My take-home message is that by using disruptive innovation to change the existing system, regulators need to accept changes in the job descriptions of the disruptors. There is a need to enable disruptive innovation to emerge and not resist it so vehemently.
Bottom Line: Disruptive innovation will emerge when stakeholders work together rather than regulating the existing system and standing in the way of disruption. The stakeholder needs to remove the barriers that have prevented disruptions. The current system cannot sustain itself. Essentially, there are three approaches to consider:
Control costs by consuming less healthcare. This appears as rationing of healthcare, and that will not work.
Impose reimbursement controls that force providers to become more efficient.
Consider having the government subsidize the high cost of healthcare for segments of the population that doesn’t have access or can’t afford healthcare.

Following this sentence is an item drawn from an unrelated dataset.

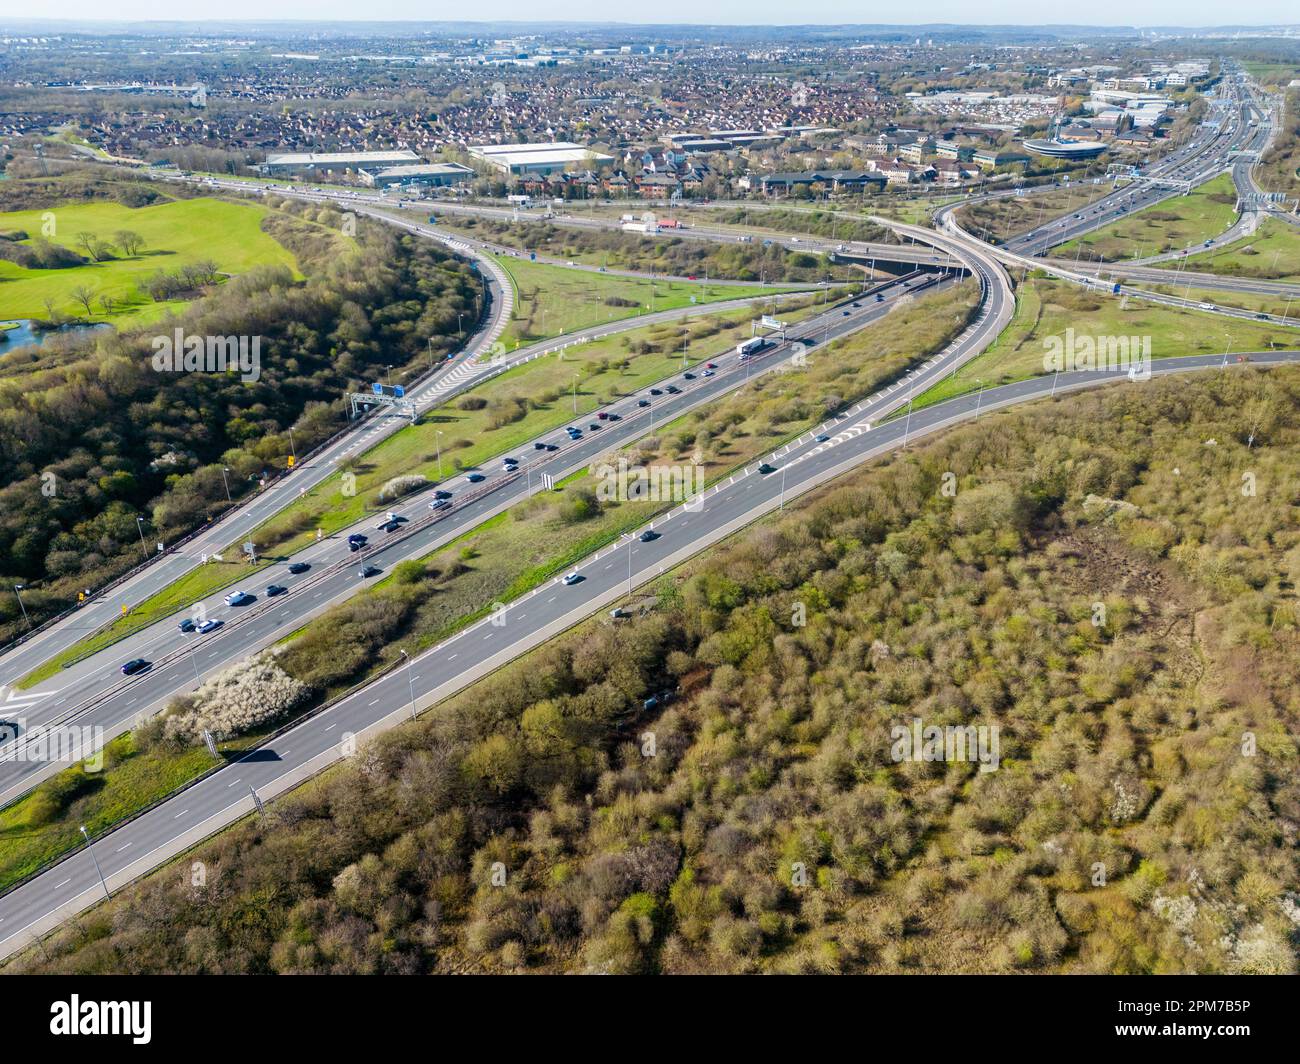 Le trafic des vacances de Pâques a été suivi dans les files d'attente sur la M5 près de la jonction de l'autoroute M4 près de Bristol, au Royaume-Uni. Banque D'Images

Let’s go forward with disruptive innovation, which will create higher-quality and more convenient care at a lower cost.
References
National Health Expenditure Data. Centers for Medicare and Medicaid Services. www.cms.gov/research-statistics-data-and-systems/statistics-trends-and-reports/nationalhealthexpenddata/nationalhealthaccountshistorical .
Christensen CM. The Innovator’s Dilemma. Harvard Business School Press; 1997.
Shortell SM, Gillies RR, Anderson DA, Erickson KM, Mitchell JB. Remaking health care in America. Hosp Health Netw. 1996;70(6):43-44.